No palco, atrações nacionais consagradas elevaram ainda mais o nível da celebração. O grupo Art Popular fez um show vibrante, colocando o público para cantar e sambar do início ao fim. Já o CDB – Categoria de Base manteve a energia em alta e transformou a tarde e o início da noite em um verdadeiro espetáculo musical. A combinação de estilos se mostrou acertada e aqueceu os foliões para o Carnaval.
Entre veteranos e estreantes, o sentimento foi unânime. A jornalista Karine Arruda participou pela primeira vez e não economizou elogios. “Minha primeira vez no FeijoFolia 2026 foi simplesmente inesquecível. Estrutura impecável, muita música boa e a melhor feijoada sendo servida à vontade. Já estou me planejando para o próximo ano”, afirmou.
Já Katia Arruda, frequentadora assídua, reforçou a importância da festa no calendário local. “Feijofolia faz parte da história do carnaval da nossa terra amada. Foi tudo impecável: organização, comida deliciosa, ambiente encantador e música vibrante. Uma experiência memorável do início ao fim.”
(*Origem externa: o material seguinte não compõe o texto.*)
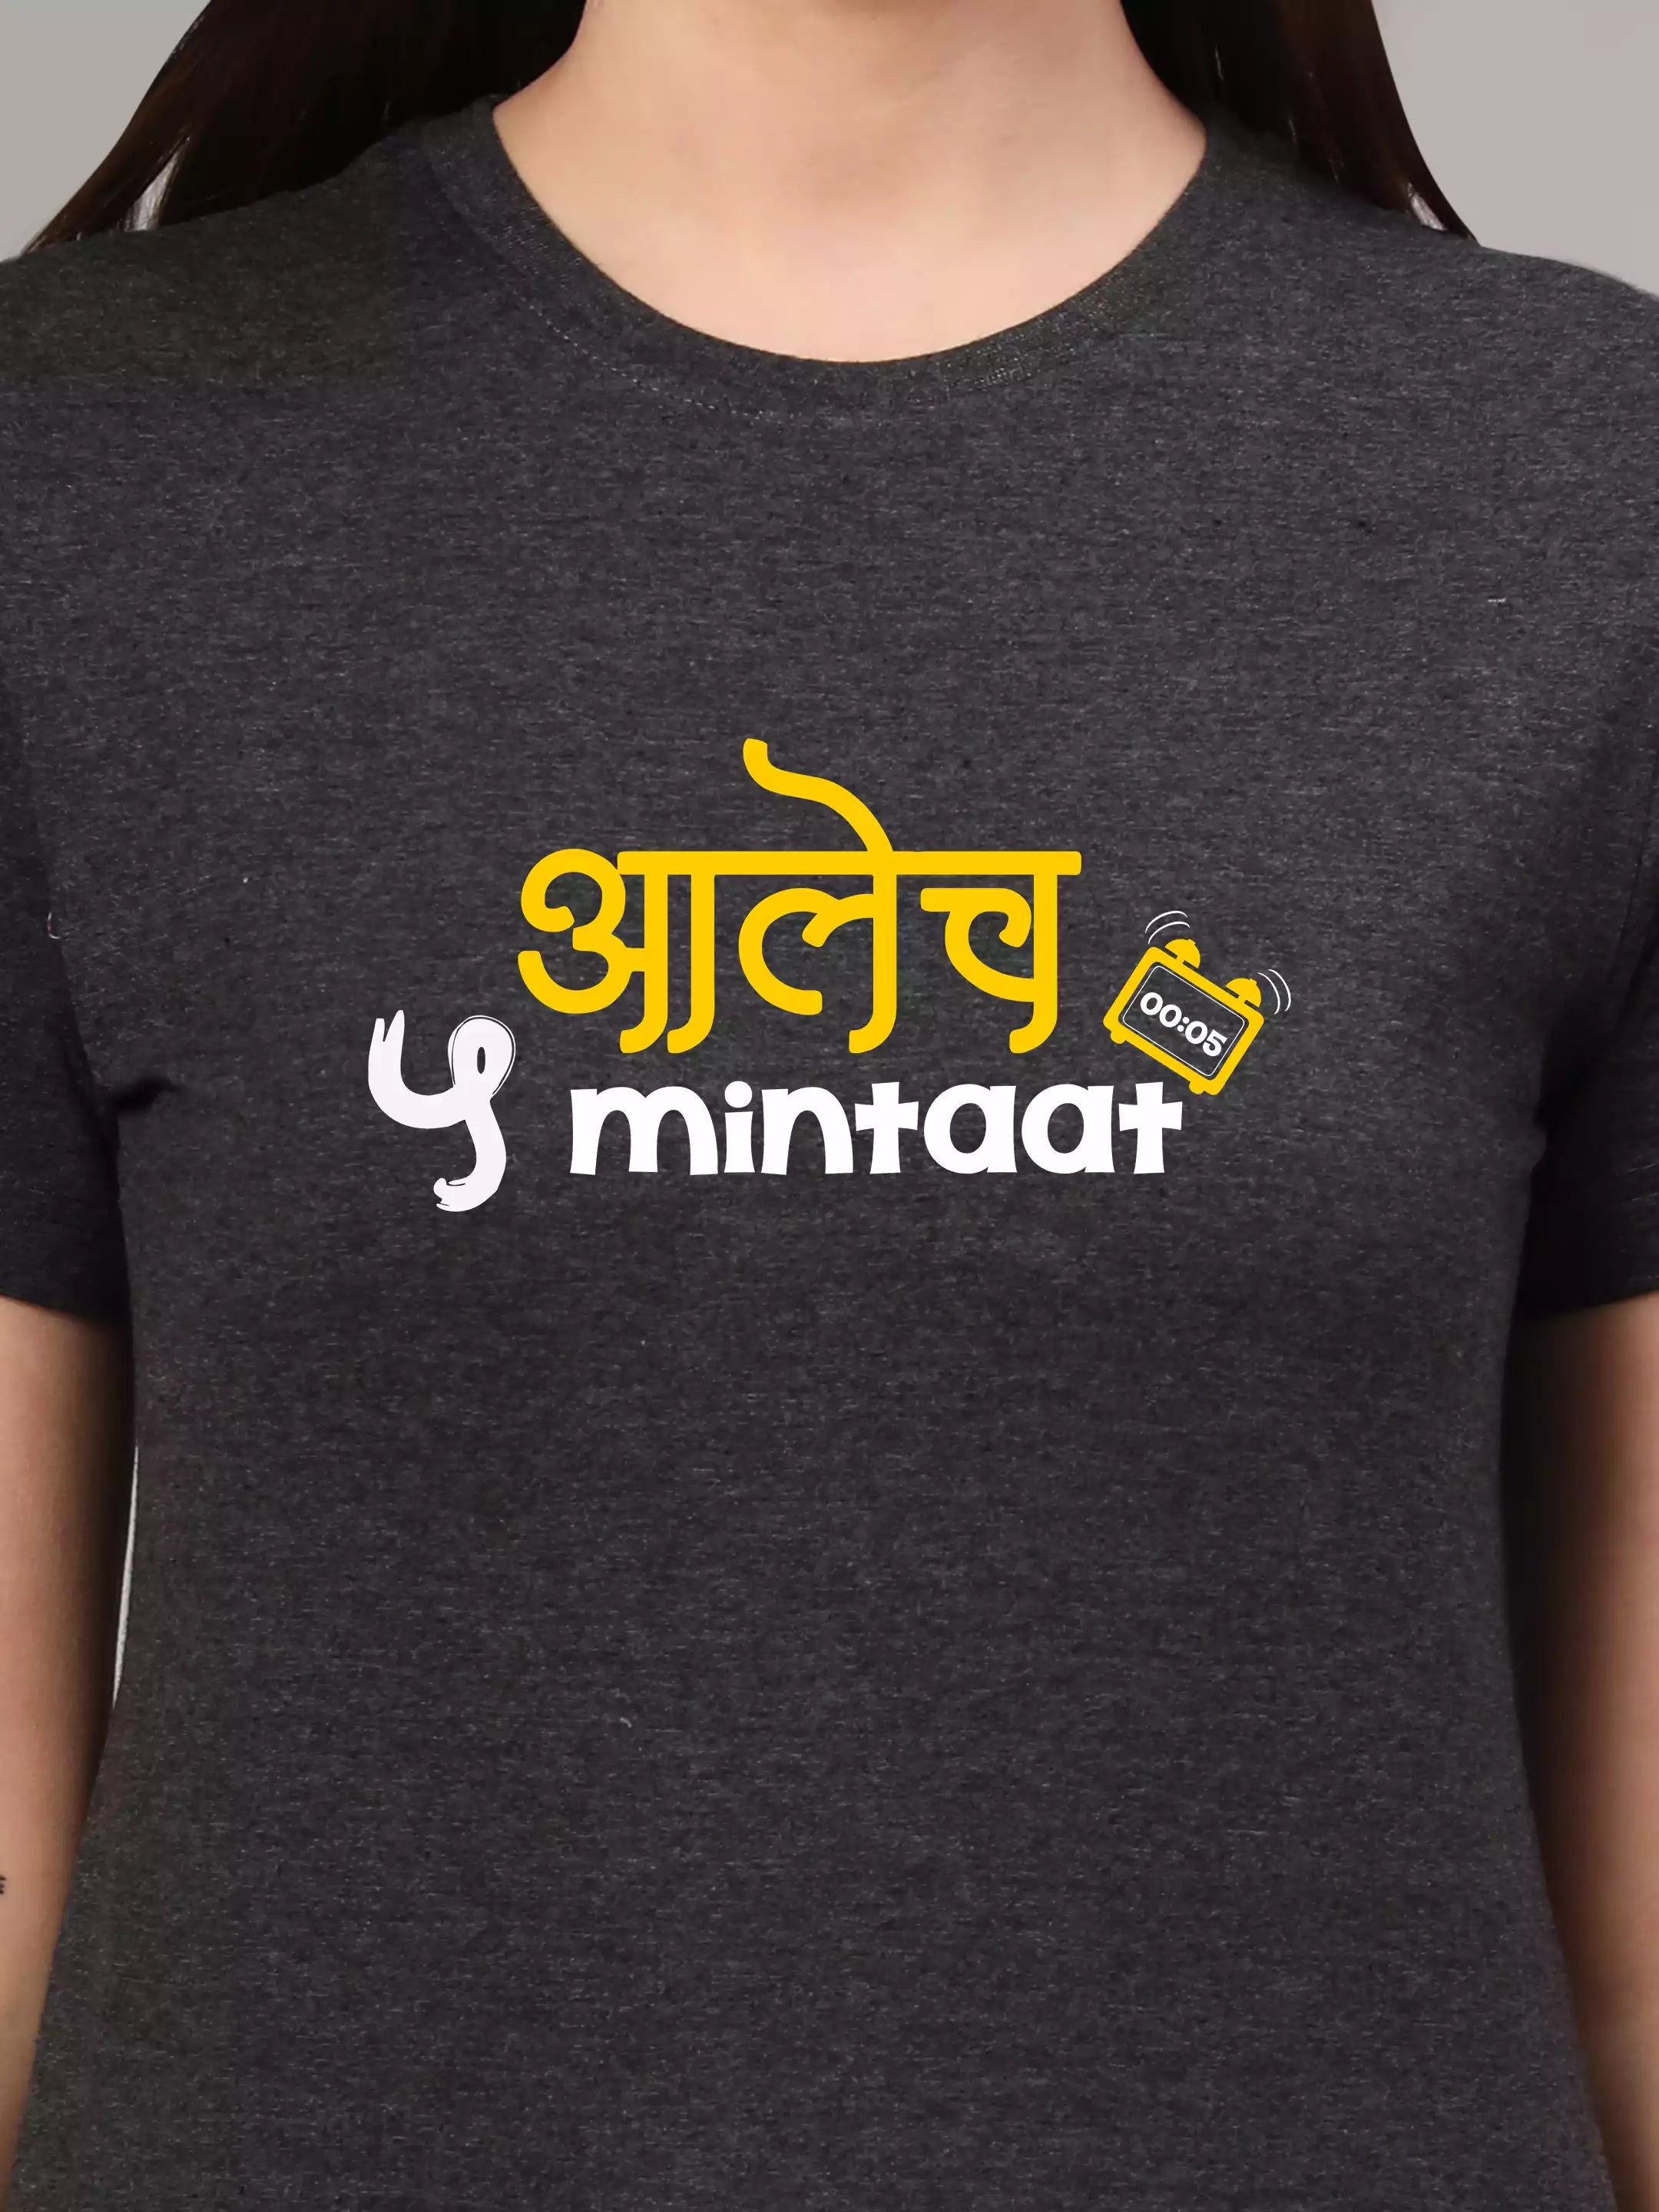 Aalech 5 mintat - Sukhiaatma Unisex Marathi Graphic Printed Black  T-shirt

O prefeito de Chapada dos Guimarães, Osmar Froner também destacou a relevância do evento e parabenizou Edson Guilherme pelo compromisso com a cultura. “A FeijoFolia é um evento belíssimo, que abre o nosso Carnaval com muita qualidade. Iniciativas como essa fortalecem o turismo, movimentam a economia e valorizam a nossa gente”, declarou.
Emocionado com mais uma edição histórica, Edson Guilherme celebrou o resultado. “Cada detalhe foi pensado com muito amor e responsabilidade. Ver mais de duas mil pessoas felizes, celebrando, reencontrando amigos e vivendo essa energia é a maior recompensa. A FeijoFolia é mais que uma festa, é um movimento de valorização da nossa cultura, do nosso turismo e das pessoas que acreditam nesse sonho. Meu coração é só gratidão”, afirmou.
A realização do evento contou com o apoio de empresários e patrocinadores que investem na cultura de Mato Grosso, entre eles Pref. de Chapada dos Guimarães, Coca-Cola, Amigo Internet, Shopping Estação, Lebrinha, Vale Gramado, CasaCor Cuiabá, Éclat Decoração, Royal Enfield, Excelência, Pantene, Vizzela, Hellmann’s, Comfort, 3 Corações, Mac, Buffet Leila Malouf, Arquiteton, Arruda Produções, Sing Marketing e Mídia, Bild Led.